9 Things to Know About the Artist Before Seeing 'Tom of Finland'

9 Things to Know About the Artist Before Seeing 'Tom of Finland'

The gay cultural icon will be remembered in his very own feature-length biopic that is set to be released in 2017. Read up on the artist who brought you the O.G. bicep/booty/bulge fantasy. 


If you're queer, you've probably seen a work or two from Tom of Finland. His big, bulging, uniformed men adorn booths at every Pride festival, appear in classic gay films, and generally ruled my dreams from ages 11-13.

The new Tom of Finland biopic—probably not coming to the theater in your local shopping mall in early 2017—was released over the weekend. To help you prep for the film's release, we've collected a bit of info on the iconic artist, courtesty of the Tom of Finland Foundation and Valentine Hooven III, Tom's biographer.

1. Tom was a veteran of multiple wars, mostly against the USSR

Tom fought in the Winter War against Soviet Russia and in World War II. If you've ever wondered "Why all the leather?"—now you know.

2. Tom's a prime example of how wartime loosens men's sexual inhibitions

While he had lusted after boys since his youth, it wasn’t until after Joseph Stalin invaded Finland and Tom was drafted into the Winter War as a lieutenant that he was able to find release in Helsinki’s citywide blackouts during the Russian bombing campaigns. 

3. After Tom was finished fighting the Russians, he joined the fight to subvert and eventually abolish homophobic censorship laws

By publishing art that was clearly made for homosexuals under the guise of fitness publications, Tom was part of an historic movement that did everything it could to fight for representation on its own terms. Publications like PRIDE, The Advocate, and OUT owe artists like Tom gratitude for their bravery—and from what we can see in the Tom of Finland trailer, it wasn't always a fair fight.

4. His first art exhibition didn't go so well

After all the fighting to get his work legally permissable to show in public, the public still wasn't happy with Tom's art. According to Hooven III, all but one of his drawings were stolen at his 1973 exhibition in Hamburg, Germany, and it took five years for the artist to have another showing, which finally materialized in '70s Los Angeles. Given the reaction to his first exhibition, and all the fighting it took to get there, let's all say a little thank you that he decided to continue drawing. 

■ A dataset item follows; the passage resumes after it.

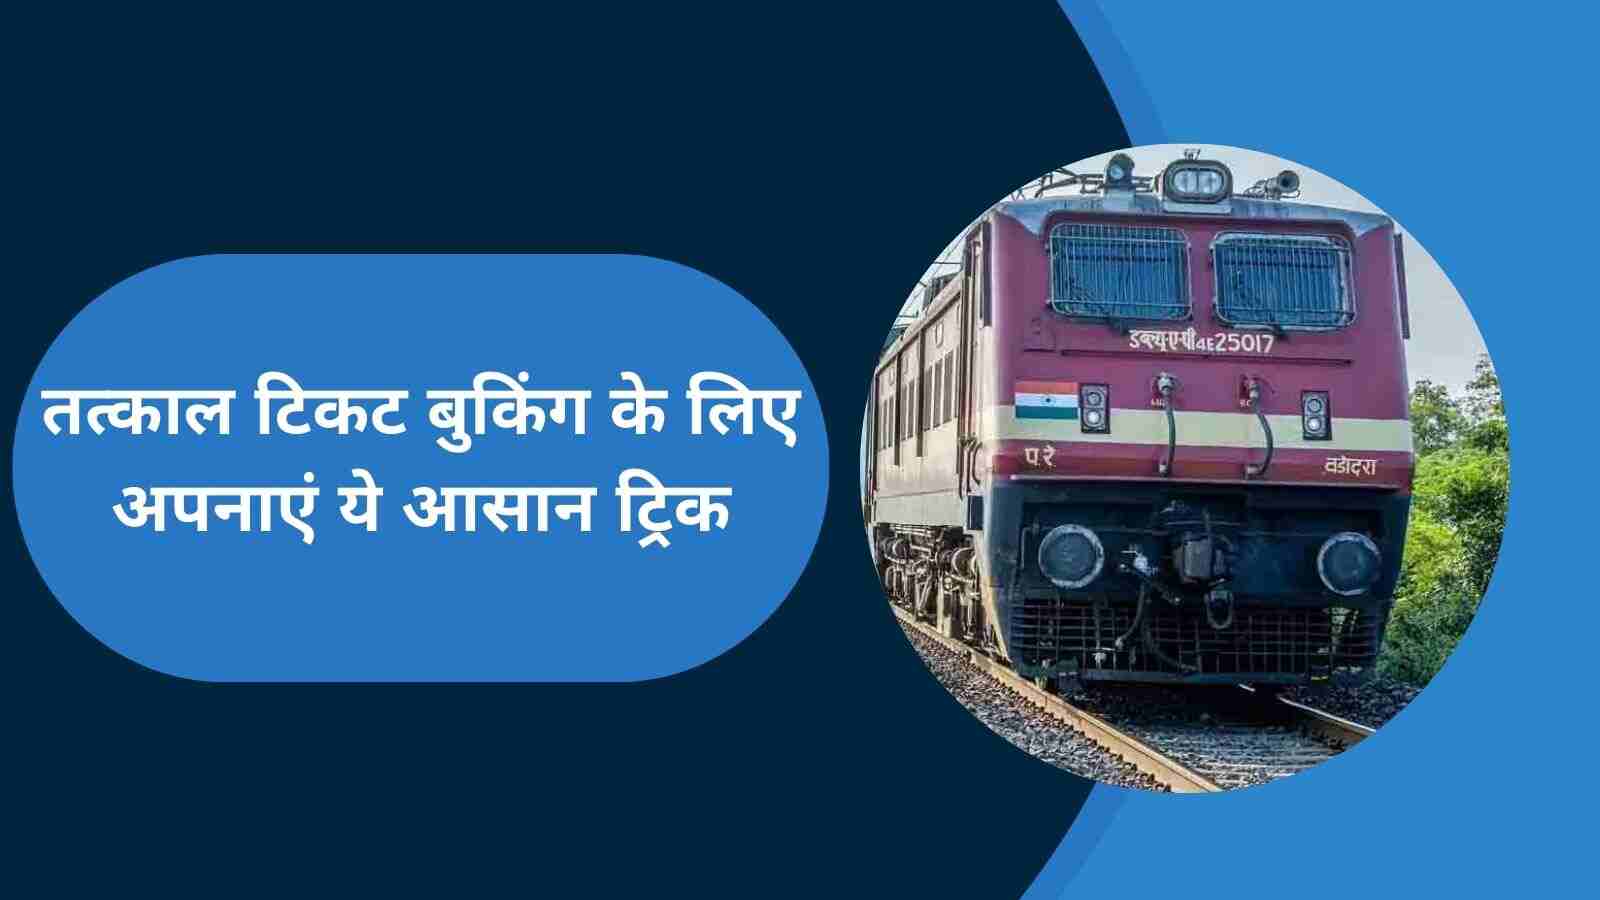 Indian Railway: तत्काल टिकट बुक करने के लिए अपनाएं ये टिप्स, मिल जाएगी कंफर्म टिकट

5. Tom's protégé, Durk Dehner, looked like one of his drawings jumped off the page

Dehner still serves as the president of the Tom of Finland Foundation, which he founded in 1984. Check out his interview along with former TOFF president S.R. Sharp in 2015 for OUT

6. You can see Tom's fantasy men beat the runway on YouTube

His work was not only inspired by life—specifically by German men in jackboots—but was brought to life by designers Gary Robinson and David Johnson, who created fashion shows that thrust his masculine fantasies onto the runway. While YouTube has quite of few of these shows available to stream, I recommend checking out the below 1999 spring collection runway show, which started off with a wonderful homage to his classic motorcycle scenes.

7. Tom's art was, and in some circles still is, at the center of an intense argument about gay men and gender roles

It's pretty easy to see that his work reveres a hypermasculine version of men: guns a'blazing, junk the size of tree trunks, leather from head to toe. It could go without saying that Tom had his preferences when it came to men.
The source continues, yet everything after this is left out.